A strong correlation exists between corporate compliance and positive financial performance, and business leaders are taking note. While some might see “compliance” as a regulatory-laden burden for companies, the more evolved and successful CEOs see compliance requirements as an opportunity to hardwire corporate goals, risk management and smart, efficient processes into their firm’s DNA.
CEOs must, can and should strive to build compliant organizations for the traditional reasons of avoiding civil or criminal prosecution by regulators, as well as avoiding the potentially massive financial exposure and media embarrassment that often follows a compliance misstep. Further, there is nothing so repulsive to a C-suite chief as paying millions to a plaintiff’s class action firm for legal fees and tens of millions more to their clients because the company failed in some basic compliance duty.
In researching my book Verdict for the Defense (Sutton Hart 2011), as well as in my mass action defense work, I have discovered that the one of the best defenses to the jackpot justice that often puts a target on America’s leading companies is to put on a proactive offense, and an important element of that offense is regulatory compliance. Also, I have learned that compliance is much more than a million-dollar software program. True compliance is as much a corporate attitude that comes from the top; it begins as CEOs learn that compliance is tied to increased profits and improved financial performance.
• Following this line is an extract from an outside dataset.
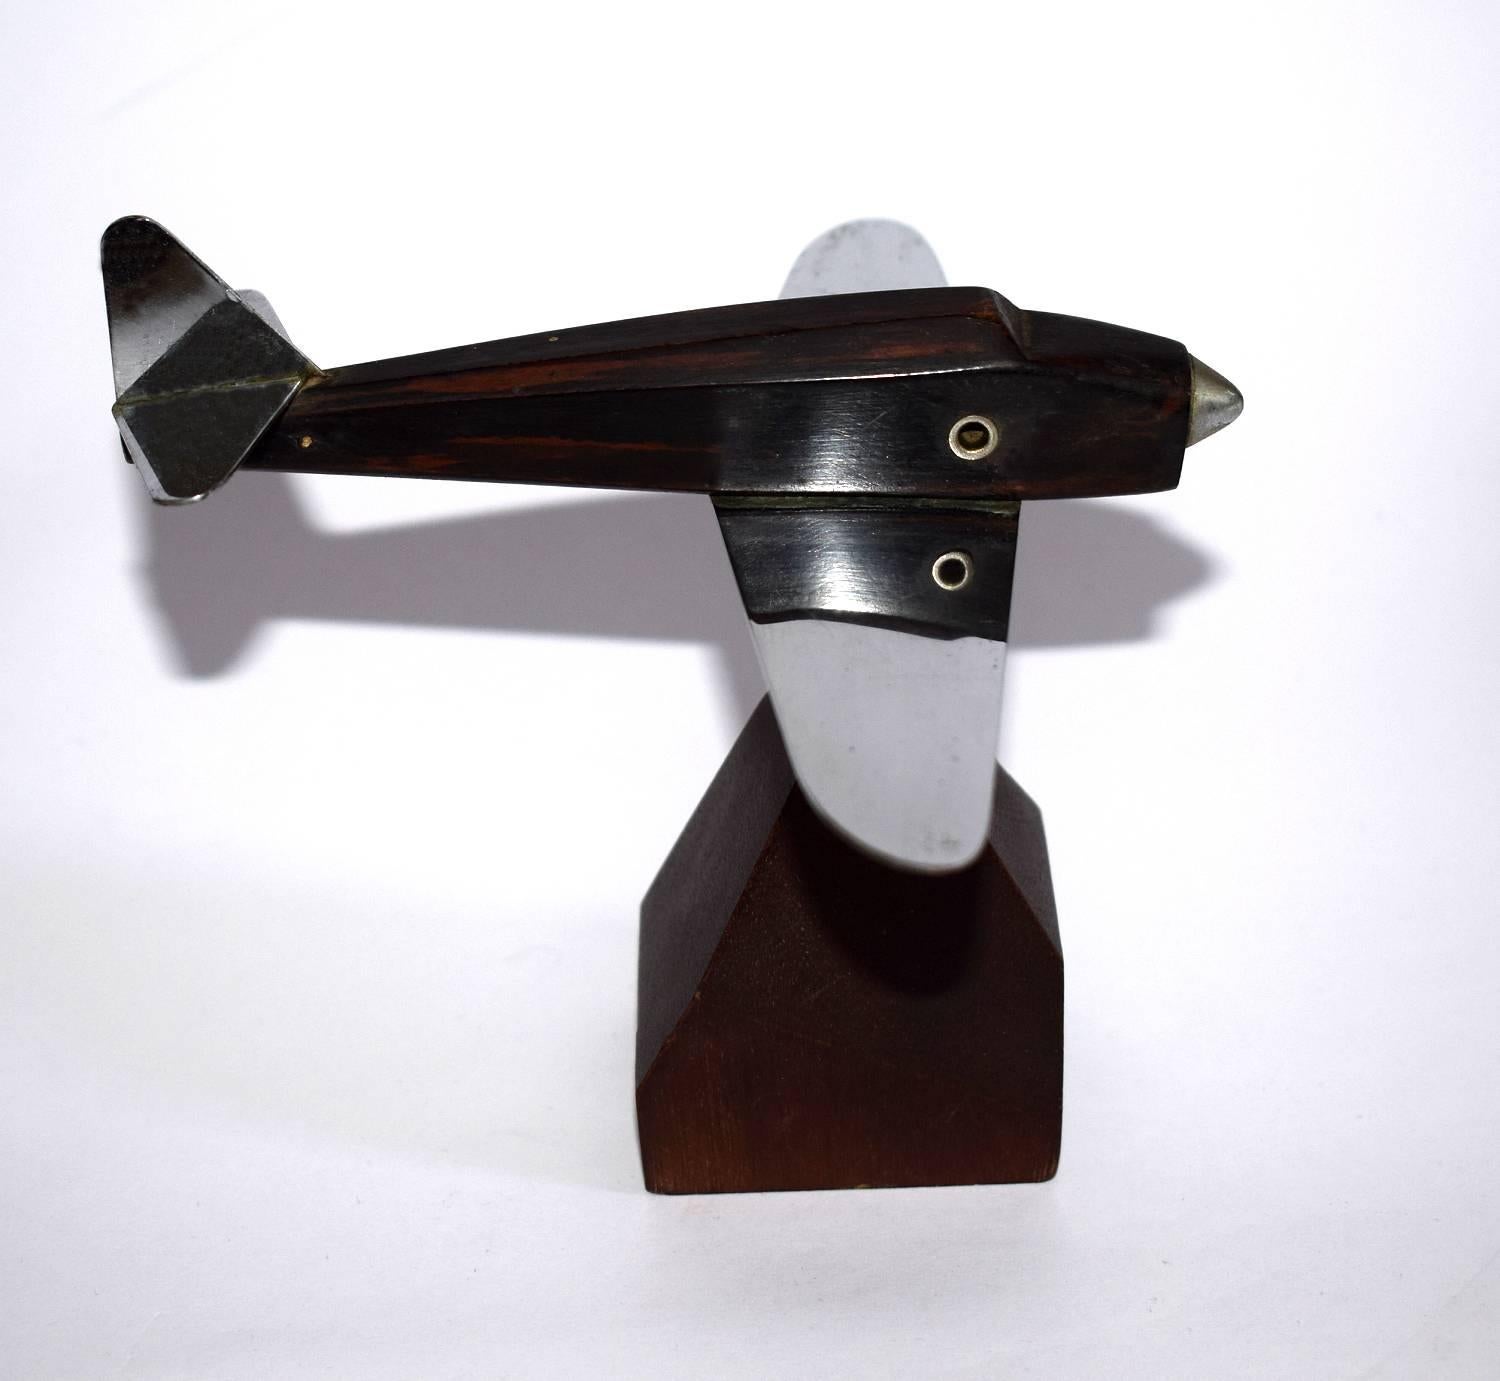 Originating from France is this wonderful Art Deco airplane model and dates to the 1930s. These make ideal paper weights or desk ornaments. This one is in great condition with no damage just minor signs indicating its age.
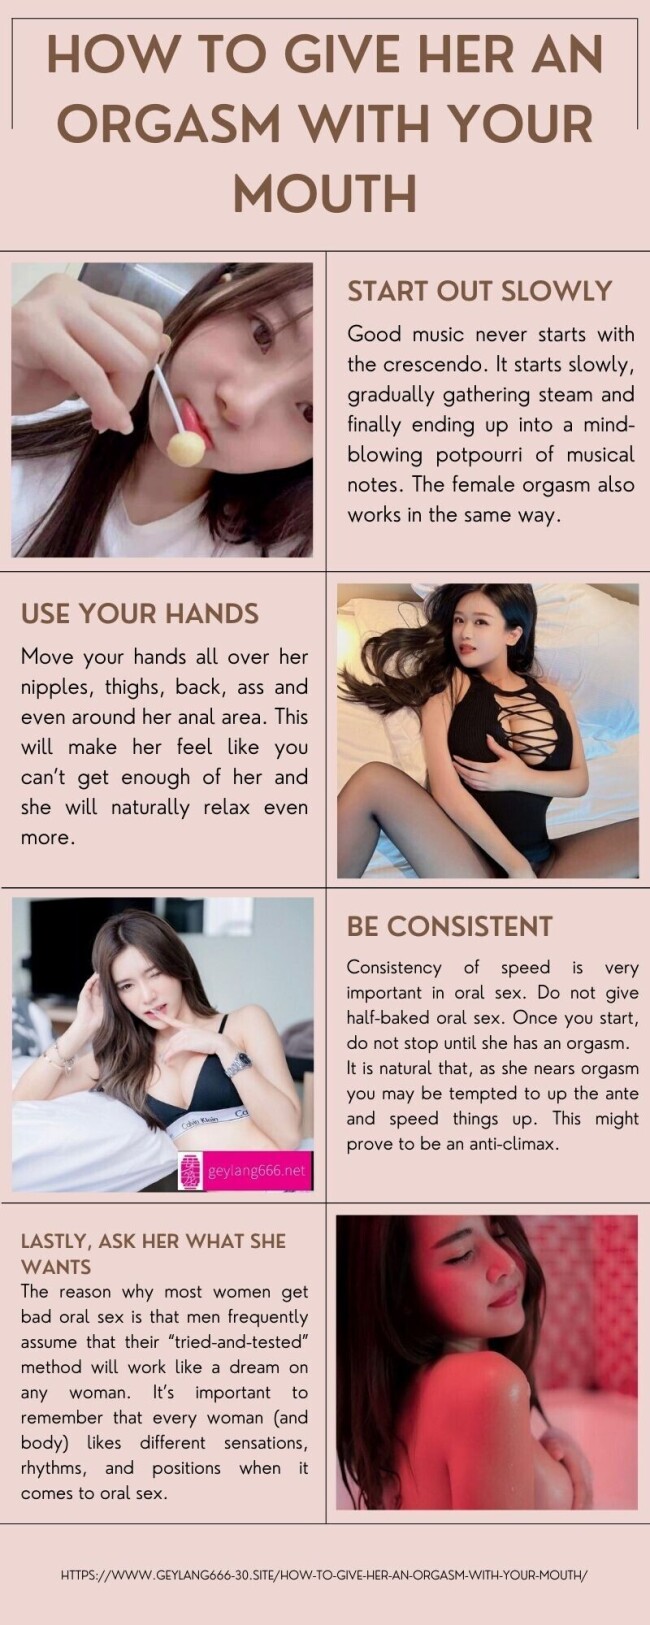 How-to-Give-Her-an-Orgasm-With-Your-Mouth8ad00320464e3e80.jpg

According to a recent study conducted by University of Pennsylvania’s Wharton School, there is a positive relationship between an organization’s risk management framework and its financial performance. The study developed a “risk maturity index,” which assesses factors like the board’s understanding of and commitment to compliance and risk management; executive level responsibility for risk management; creating a corporate culture of risk engagement; and accountability and formal processes for identifying, assessing and mitigating risk. The study found that higher risk maturity rates are directly associated with improved return on assets and stock performance.
So, if we accept that compliant organizations with a robust risk management framework benefit from better financial performance, the question becomes exactly how a CEO can drive this mission-critical goal. In my own research and experience helping company leaders manage their risk management and compliance duties, I have identified several best practices that apply to a broad spectrum of companies and generally are present in every consistently compliant (and successful) business entity.
Here are the top five best practices for your consideration:
Board and Management Commitment
Your firm has little hope of becoming a compliant organization absent a commitment from the top. The board and senior management must be (in perception and reality) driving compliance and risk management efforts by word, political will and allocation of resources.
Clear Statement of Risk Management and Compliance Goals
Here is the area where the CEO can have the most impact. I propose that CEOs adopt a no-tolerance policy for compliance irregularities, problems and the litigation that frequently ensues. Although there always will be exceptions, compliance issues and litigation can and should be just that – the exception.
When problems almost or actually occur in this area, it means something went wrong. The cause of those failures must be identified, analyzed and rectified, and those responsible held accountable.
But is mere “compliance” enough? Rarely. Consumer protection laws in many states give plaintiffs’ lawyers tremendous leeway to argue that a practice is misleading or unlawful, even when a company’s conduct technically complies with regulatory requirements. And this is where class action lawyers make their bountiful living, in the grey areas of compliance and regulatory requirements.
Corporate heads should adopt a “compliance plus” goal, where organizations steer clear of grey areas and potentially questionable conduct and focus on using compliance as a starting point in the process and thereby drive the value derived from a compliant organization.
Board and management-level commitment to compliance is essential, but not enough. Achieving compliantorganization status takes political will and the necessary allocation of resources – both of which require executive-level involvement and responsibility.
Financial performance is simply a measure of how much of what your company brings in that it gets to keep. Since executive-level officers are responsible for what you bring in, there is no reason they should not also be responsible for the second half of the equation, ensuring that the company gets to keep as much as possible.
Align Compensation and Incentives to Compliance Goals
This best practice scenario is best illustrated by example. If you have an executive who develops a new product or marketing campaign that grows company revenues by $10 million in year one, but that initiative results in compliance problems and litigation costing $15 million over years two, three and four, how should that executive be judged? If company policy rewards that person for revenues alone without regard to the attendant costs, your company will never reach its compliance goals.
Establish a Comprehensive Risk Management and Compliance Framework
Board-level commitment, clear goals, and properly incentivized executive-level responsibility are prerequisites, but they will mean little without a comprehensive framework for identifying, assessing, mitigating, and monitoring risk and compliance issues.
Compliance problems are not simply “an issue for the legal department.” Unless your company has a comprehensive framework that involves compliance and risk mitigation experts at each level of your organization’s business processes, from product development and design, to marketing, customer service and complaint management, risk mitigation and compliance efforts will become reactive and isolated, unable to prevent problems before they occur.